Iglesias, cuestionado 

Avelino del Barrio es procurador, Carmen Álvarez-Arenas es consejera delegada de una empresa familiar que recibe subvenciones, Ana Zurita es arquitecta y consejera del cabildo de Tenerife, Jordi Roca es administrador de una empresa dedicada a sistemas informáticos, Raquel Alonso es arquitecta y Javier Ruano es consultor de organización. La también ministra de Agricultura, Isabel García Tejerina, declara una “planta fotovoltaica”.

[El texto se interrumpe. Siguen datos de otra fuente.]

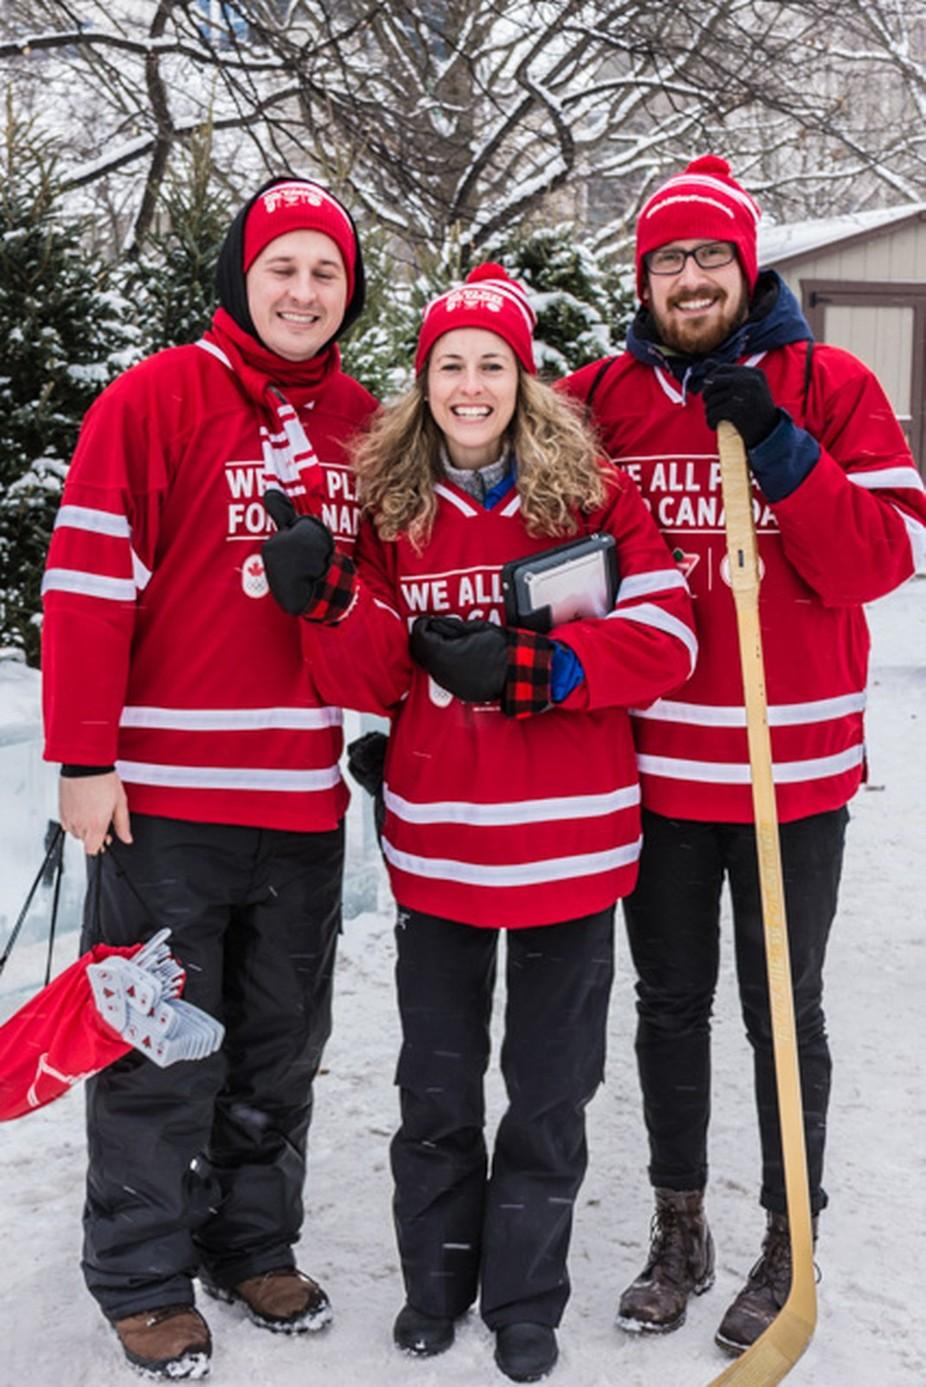 Ambassadors promoting hockey. Canada's sport.

Los de Unidos Podemos cuestionados por el PSOE están encabezados por Pablo Iglesias que declara “charlas, talleres de carácter docente, conferencias, programas de televisión con o sin remuneración, presentador y director del programa de televisión Fort Apache”.

Junto a él están Noelia Vera que declara “publicación de libros y artículos, redactora y presentadora de La Tuerka, conferencias, encuentros políticos, académicos y participación en programas de televisión con o sin remuneración”; Íñigo Errejón que pide autorización para “libros, conferencias, charlas, participación en programas de televisión con o sin remuneración”; Rosa Martínez, para “conferencias y cursos, percibiendo compensación de fundación privada”; Juan López de Uralde “propietario de central solar fotovoltaica”; Rafael Mayoral, abogado “de manera esporádica”; Carolina Bescansa, “elaboración de estudios mediante contratos de investigación y/o consultoría”; Jaume Moya es procurador; Raimundo Viejo, socio en Artefakte; Diego Cañamero “recogida de cultivo y solicitud de baja del subsidio REASS”; y Sara Carreño, abogada.

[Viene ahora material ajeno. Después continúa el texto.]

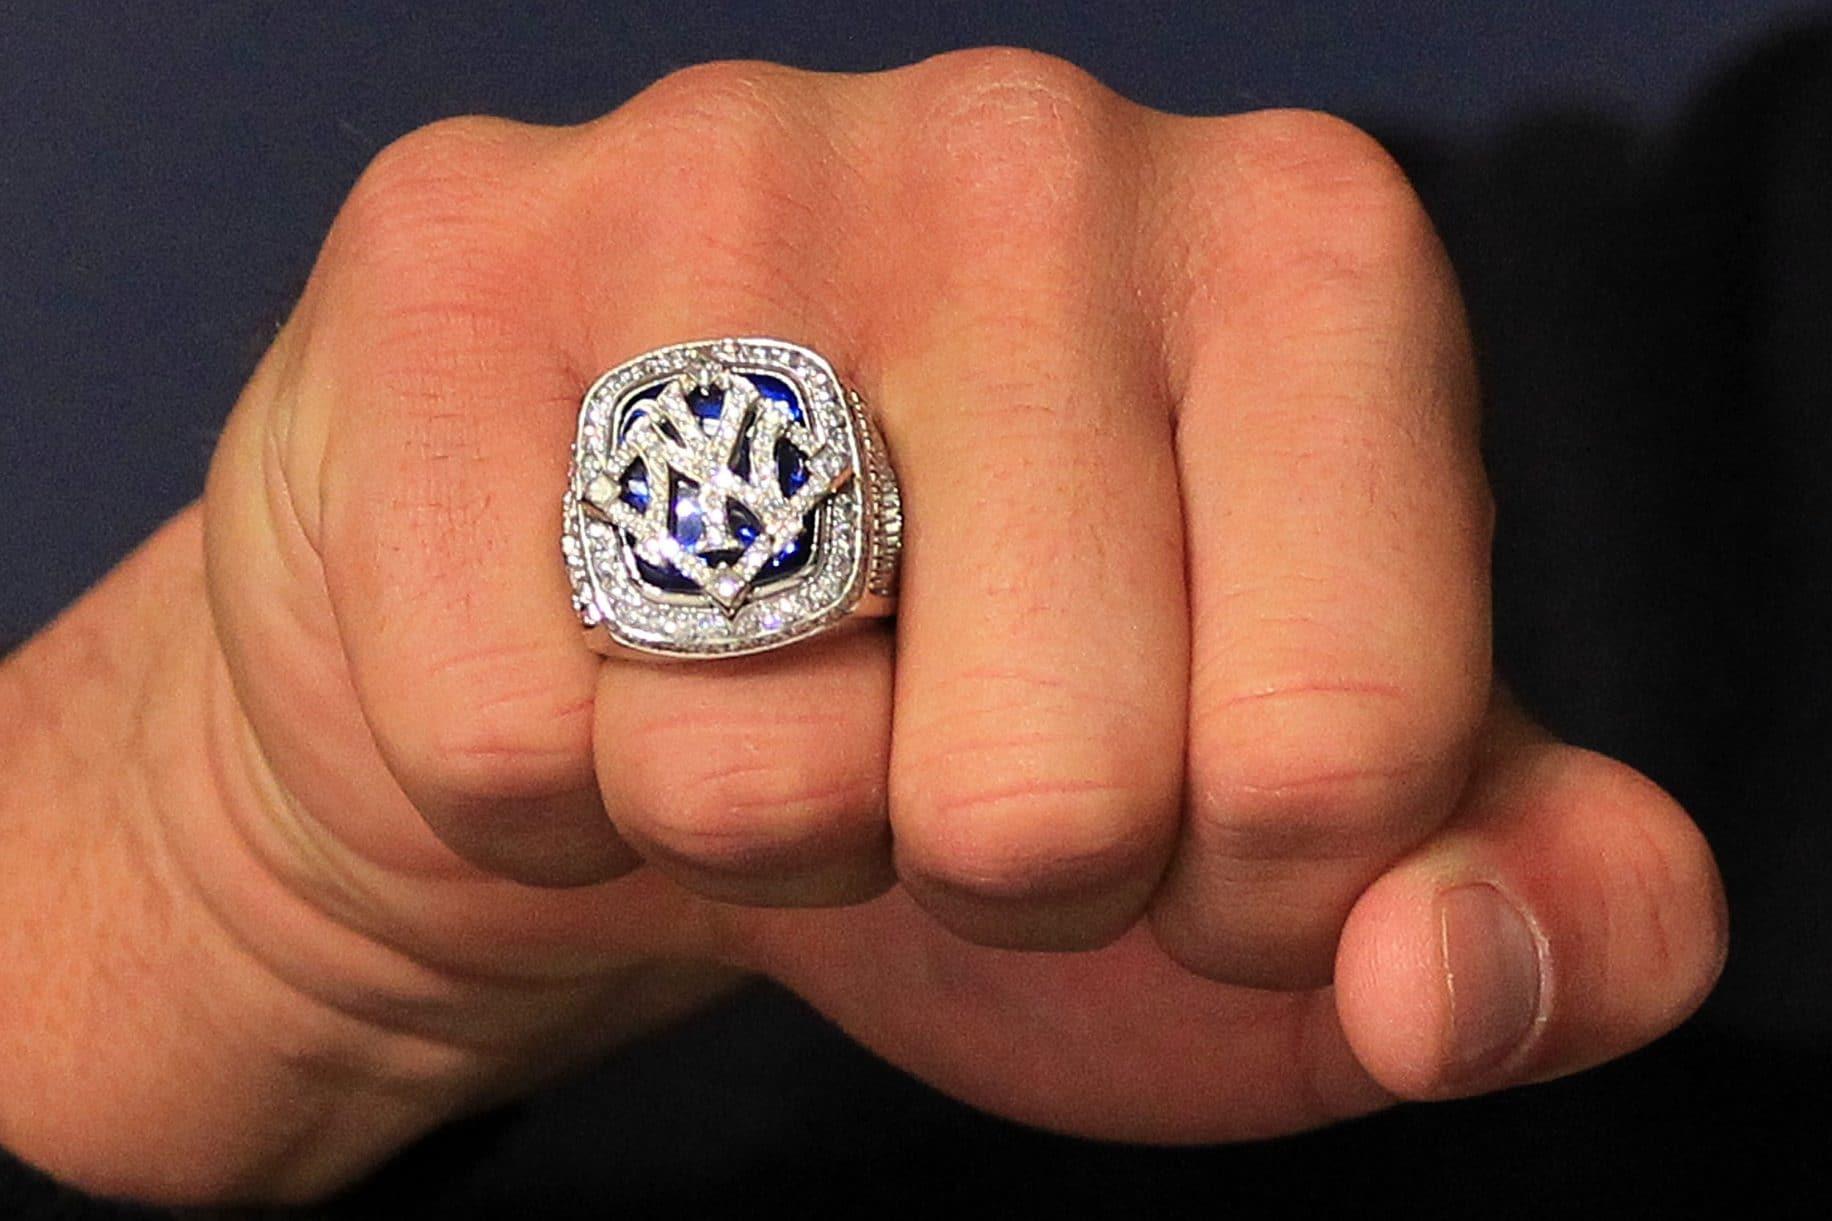 New York Yankees Championship Ring

De Ciudadanos figuran Patricia Reyes, concejal y abogada; Miguel Ángel Garaulet, “administrador único de Garaulet y Asociados, consultoría”; Félix Álvarez, actor; Diego Clemente, perito judicial y arquitecto; Elena Faba, “administradora de DTV Comunicación y estrella Digital, entre otras” y Toni Cantó, actor.

Los de ERC son Joan Capdevilla, accionista de C.V. Capdevila S-L. y Ana Surra que “comunica haber cursado al Banco de Previsión Social de Uruguay orden de suspensión de la percepción de la pensión de jubilación”.